Important Note #2: The information in this Blog is for educational purposes only. In all cases, the approval of a client’s legal and tax advisers must be secured regarding the implementation or modification of any planning technique as well as the applicability and consequences of new cases, rulings, or legislation upon existing or impending plans.
Important Note #3: Many of you are rightly concerned about the potential tax bomb in life insurance that can accidentally be triggered by a careless policyowner. This is mainly a problem when policy loans are present and net cash values are so low that the income tax on the gain on surrender (calculated using gross cash values less basis) is significantly more than the net cash surrender value.
This lurking tax bomb can be present in all forms of whole life and universal life where policy loans of any type have been utilized. It is avoidable, and you, the producer, are crucial to making sure your clients know how to sidestep it.

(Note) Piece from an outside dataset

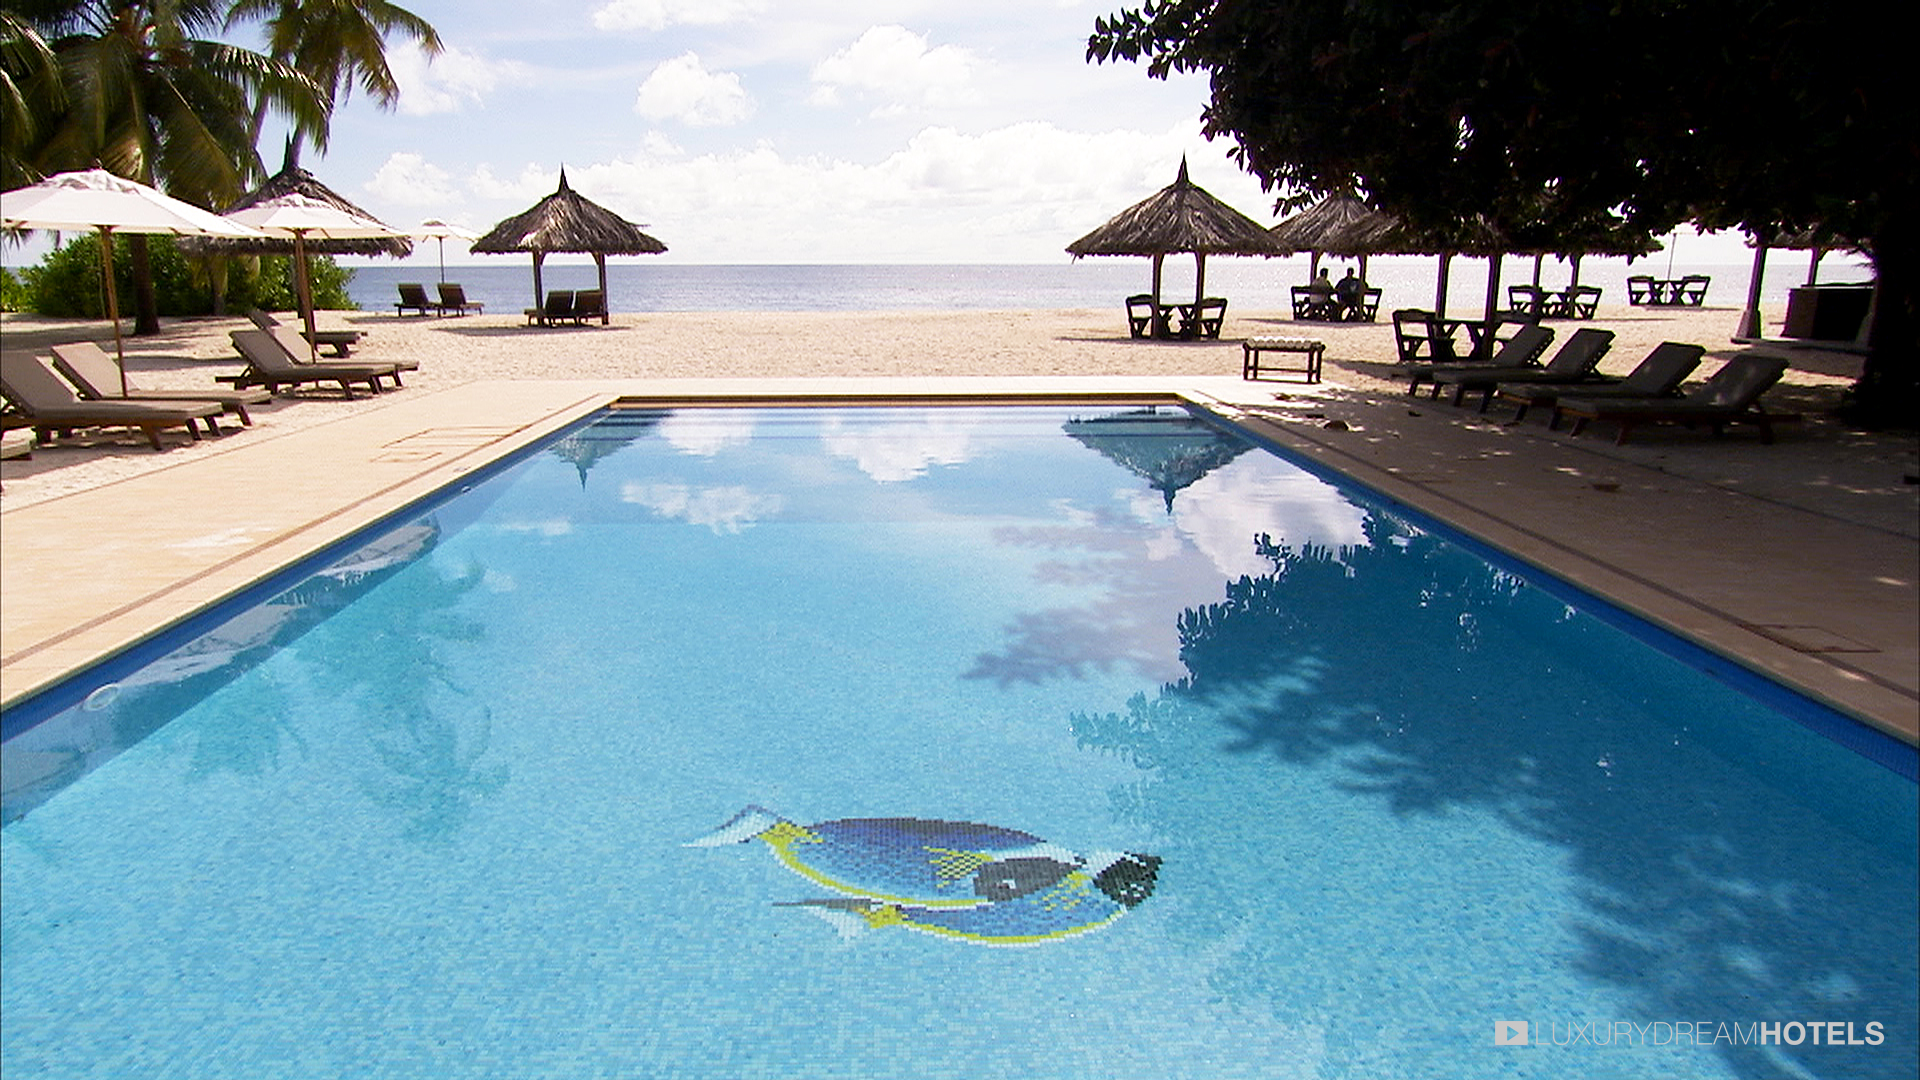 Luxury Hotel, Desroches Island Resort, Desroches Island, Seychelles    Luxury Dream Hotels
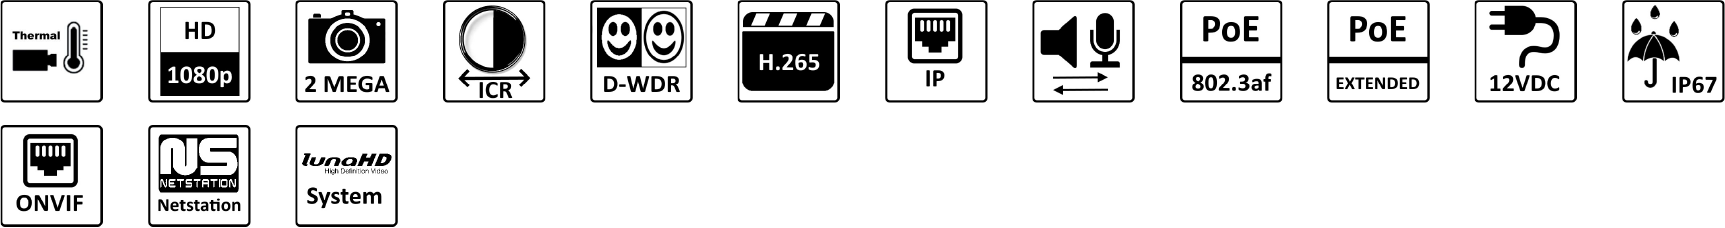 lunaIP_KT-5200-T_Icon

A tax bomb is avoidable if the policy is neither surrendered nor allowed to lapse, since the policy death benefit wipes away the income tax liability. The basis of this particular treatment is IRC Section 101. This statute provides that the proceeds of life insurance maturing as a death claim are exempt from federal income tax. This treatment applies to the full death benefit, including any cash value component, whether loans exist or not.
Note: It is best to design the policy with no premiums scheduled after retirement if you anticipate loans in retirement years. This suggestion may require higher premiums during pre-retirement years, but a policy with no premiums scheduled is much more tolerable at advanced ages than one with continuous premiums.
Can your clients remember these facts years into the future? If they are incapacitated, will family members understand the issues? It is probably best to file a short note with the policy – something like this (although your compliance officer will likely have preferred language):
If/when you take policy loans, be sure to talk to your financial adviser before surrendering or lapsing the policy to anticipate unexpected tax consequences that may otherwise be avoided.
Does this note make it harder or easier to deliver the policy? It’s more challenging if you haven’t discussed it with your client, easier if you have. And that’s the point – you should discuss it.
Some life insurance companies have concierge units that monitor loan status at the point of lapse or surrender. You would be well-advised to select an insurance company with this capacity. To be effective regarding the tax bomb, such carriers need to be proactive in their client relationships, not merely reactive to client inquiries. I hope that ultimately the policyholder service division of all life insurance companies will bring this potential liability to the attention of those surrendering or lapsing policies, particularly those policies with 50% or more of the gross cash value subject to outstanding loans.